Estamos em 2003 e ninguém na multidão heterogênea queria perder o nono desfile anual da Victoria’s Secret, a marca de lingerie mais celebrada de todos os tempos.
Depois de uma performance aplaudida de Sting e Mary J. Blige, a última da comitiva de manequins com pernas quilométricas e tangas minúsculas a aparecer no palco é a alemã Heidi Klum.
Encarregada de encerrar o desfile de 40 minutos, ela desfila pela passarela vestida com um conjunto cravejado de diamantes e rendas avaliado em US$ 11 milhões e asas brancas de quatro metros e meio de altura.
Gisele Bündchen participou de diversos desfiles da grife Victoria’s Secret
Getty Images via BBC
Era assim que a empresa se parecia em seu apogeu, quando ano após ano batia recordes de lucro e ditava a tendência do que era sexy e do que não era, como o fenômeno cultural inevitável que se tornara.No entanto, nem tudo foi glitter, e seu status no olimpo do varejo não durou muito.Da escuridão por trás da marca e sua queda retumbante, ainda mais espetacular do que sua ascensão, está Victoria’s Secret: Angels and Demons (“Victoria’s Secret: Angels and Demons”), uma série de documentários em três partes dirigida por Matt Tyrnauer.
Ex-editor da revista Vanity Fair e que já havia dirigido documentários sobre o Studio 54 e sobre o designer Valentino, ele sabia que havia encontrado um tema para um novo trabalho quando em 2019 soube que várias modelos estavam se rebelando contra a empresa nas redes sociais.

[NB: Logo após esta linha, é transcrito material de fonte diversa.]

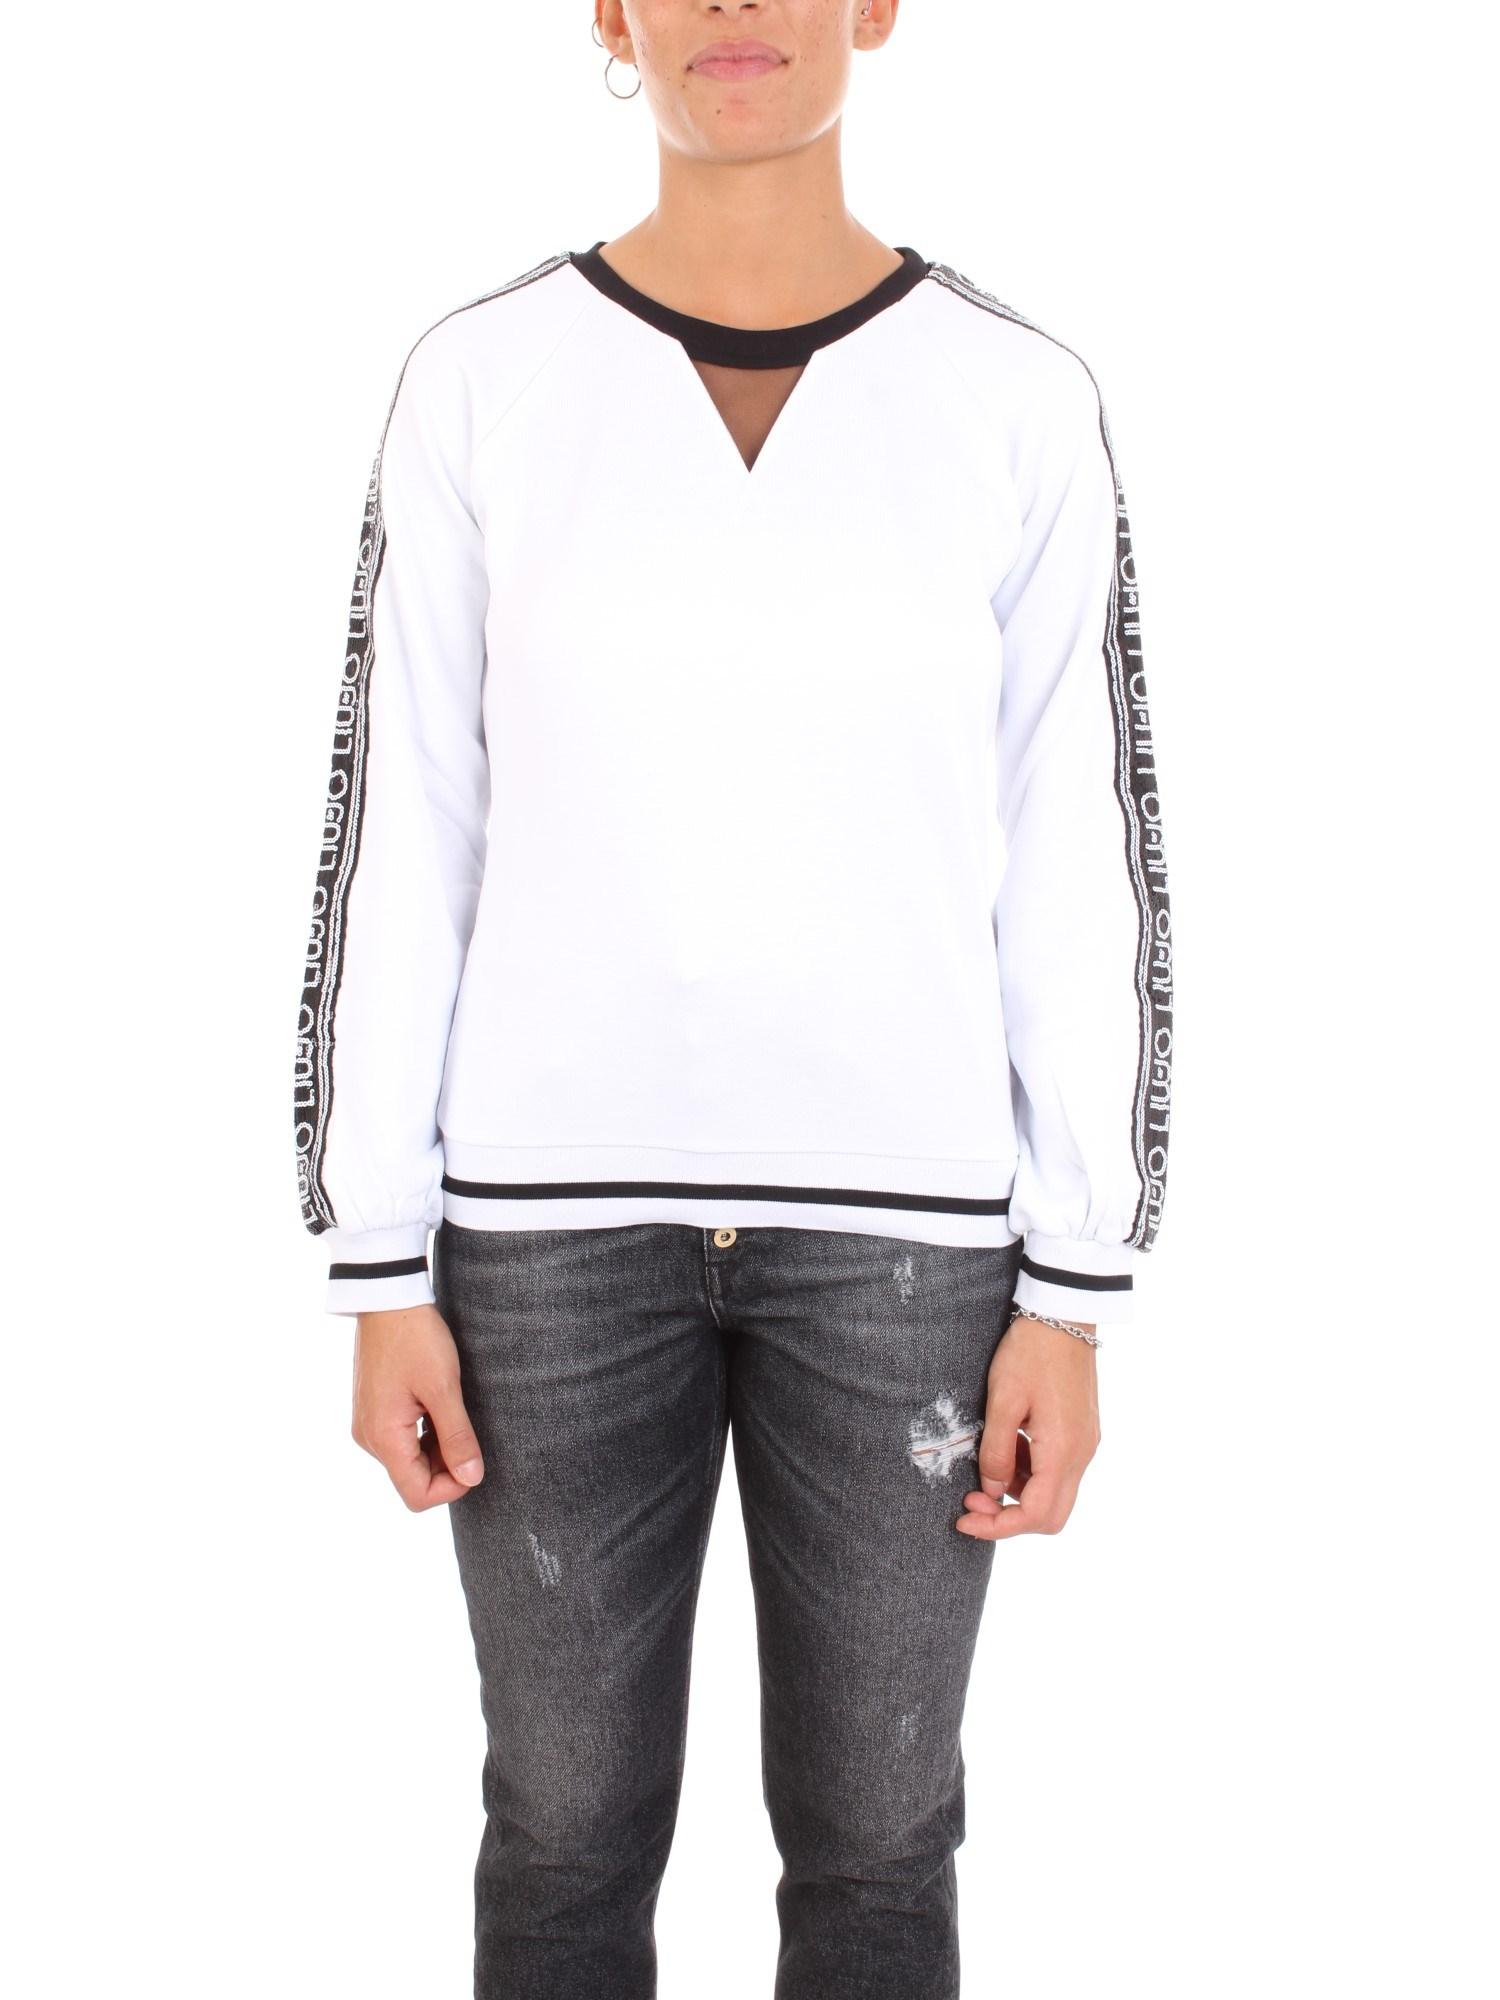 renombre mundial en venta en línea como serch Sportswear Liu Jo T69107 F0791 Sweat-Shirt Femme M Vêtements ...

“Elas estavam mordendo a mão que as alimentava”, disse o diretor ao jornal britânico The Guardian. “Gosto de contar histórias sobre mundos e sistemas fechados e pensei que havia algo lá.”
A série realmente tem muito a contar, mas aqui estão quatro das revelações mais chocantes que ela faz ao desmantelar o universo da Victoria’s Secret.
1. Um relacionamento de décadas de seu CEO com Jeffrey Epstein
São poucas as pessoas que nunca ouviram falar da Victoria’s Secret, mas nem todas estão familiarizadas com o nome de seu ex-CEO, Leslie Wexner.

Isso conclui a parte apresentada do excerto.